Previous versions would not be able to run scans on partitioned tables.
It seems 0.49 supports this now and queries are issued with _PARTITIONTIME > '0001-01-01T00:00:00Z', if I've understood the PRs / code correctly.
For our dataset this means, queries are run on XXX TB sized tables just to get the first 1000 values for each column and we don't even use any of the UI query builders.

How can we get this cost-intensive scanning disabled ASAP?

1st attempt:
In the Metabase admin I've gone to the BigQuery connection and set "Scanning for Filter Values" to "Never, I'll do it manually if I need to".
However, I can still see the scans continue.
So it looks like this setting is actually not respected or am I looking at the wrong setting here?

2nd attempt:
In the Metabase admin I've gone to the BigQuery connection and set Datasets to "Only these ..." and left "Comma separated names of datasets that should appear in Metabase" empty.
Scans still continue.

3rd attempt:
The docs say that scanning can be disabled for an table entirely by hiding it.
That hasn't worked either, scans keep running.
Seriously, what's wrong here?
We'll have to downgrade as a quick fix and migrate off of Metabase.

Any help would be appreciated.
Also please reconsider this insane _PARTITIONTIME filter default of '0001-01-01T00:00:00Z'.

Kind regards,
Andreas

Luiggi · March 27, 2024, 4:23pm

just raised this to the team, they'll check it tomorrow. Can you create an issue in our github repo with this?

qnkhuat · March 28, 2024, 9:03am

Hi @anges,

In the Metabase admin I've gone to the BigQuery connection and set "Scanning for Filter Values" to "Never, I'll do it manually if I need to".

This looks like a bug and we're looking into it.

In the Metabase admin I've gone to the BigQuery connection and set Datasets to "Only these ..." and left "Comma separated names of datasets that should appear in Metabase" empty.

if you set the filtering schema to empty, it'll sync all the schemas. Another option is to not sync any schema, but I'm not sure it's useful since you'll have a database with no active tables.

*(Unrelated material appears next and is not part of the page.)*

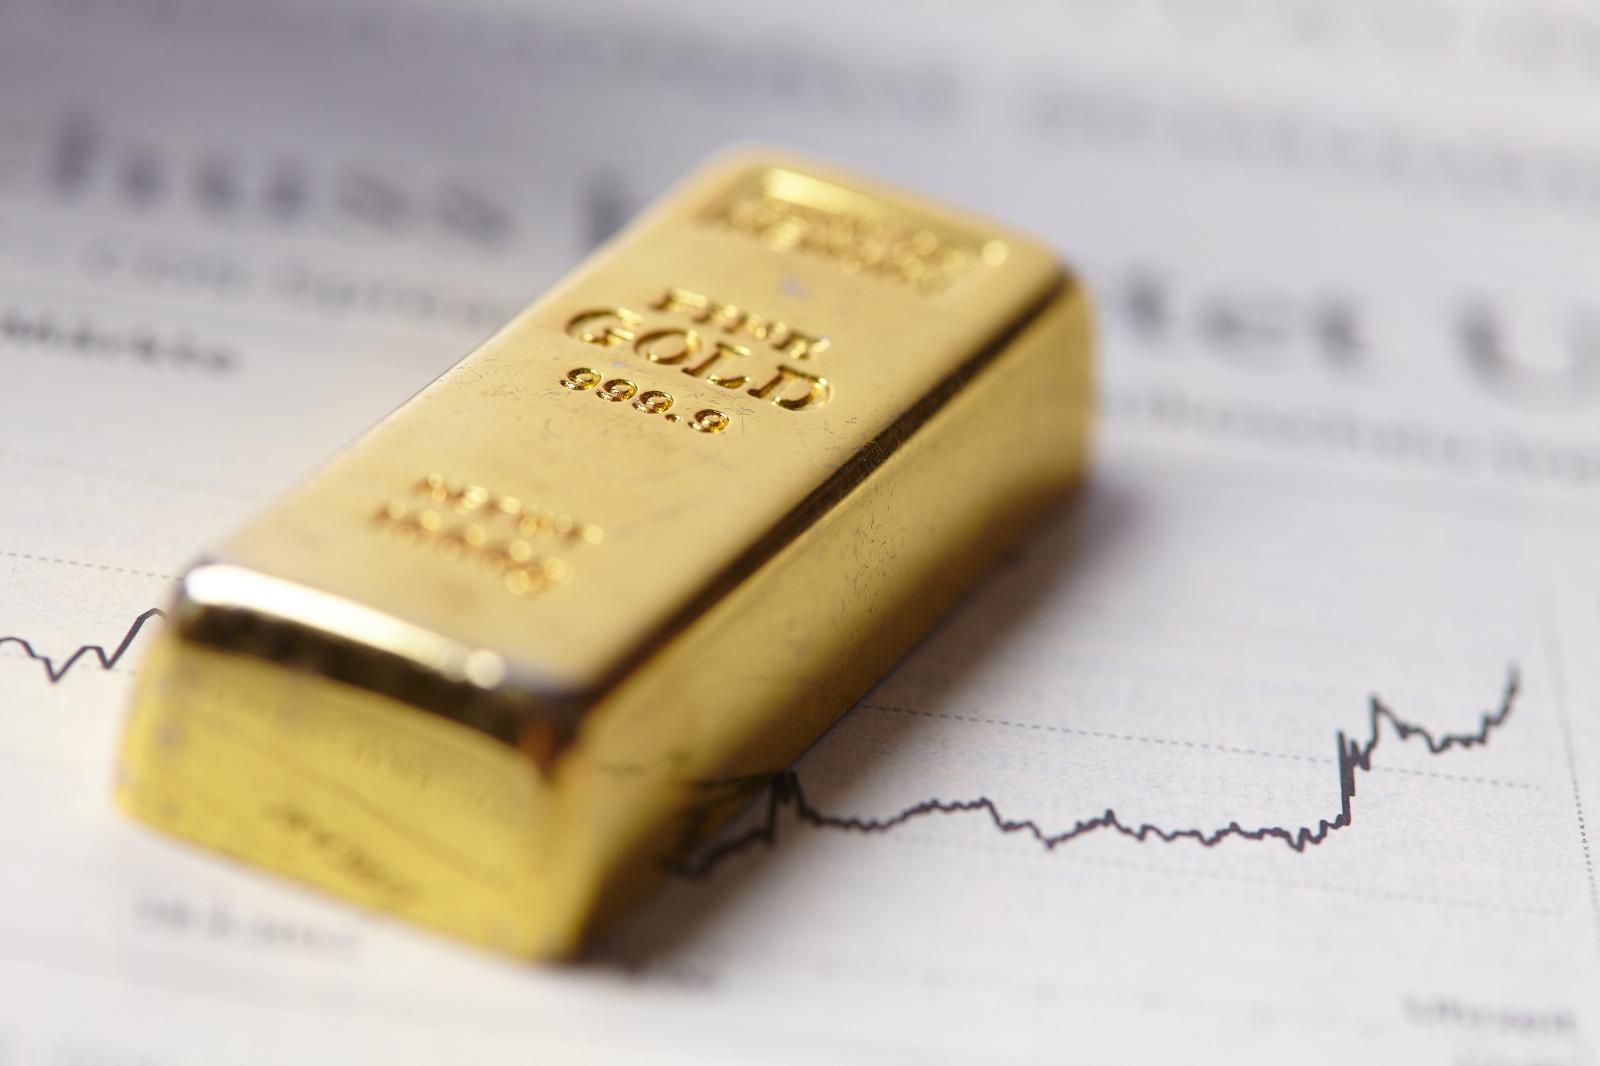 Goud als bescherming tegen de negatieve spaarrente

The docs say that scanning can be disabled for an table entirely by hiding it.
That hasn't worked either, scans keep running.

this should do the trick, it works for me locally, not sure why it doesn't work for you.

On the otherhand, there is another way you could do is to go to each Field metadata setting and change "Filtering on this field " to "Plain input box". You'll need to do this to all the fields so prepare some coffee while you're at it.

Please let me know if that works for you. In the meantime we'll fix the sync option bug!

andges · March 28, 2024, 2:12pm

Hi qnkhuat,

thank you for looking into this and the explanations / suggestions.
We'll give it a try once we've managed to archive some of our data to reduce the size of our dataset.

Andreas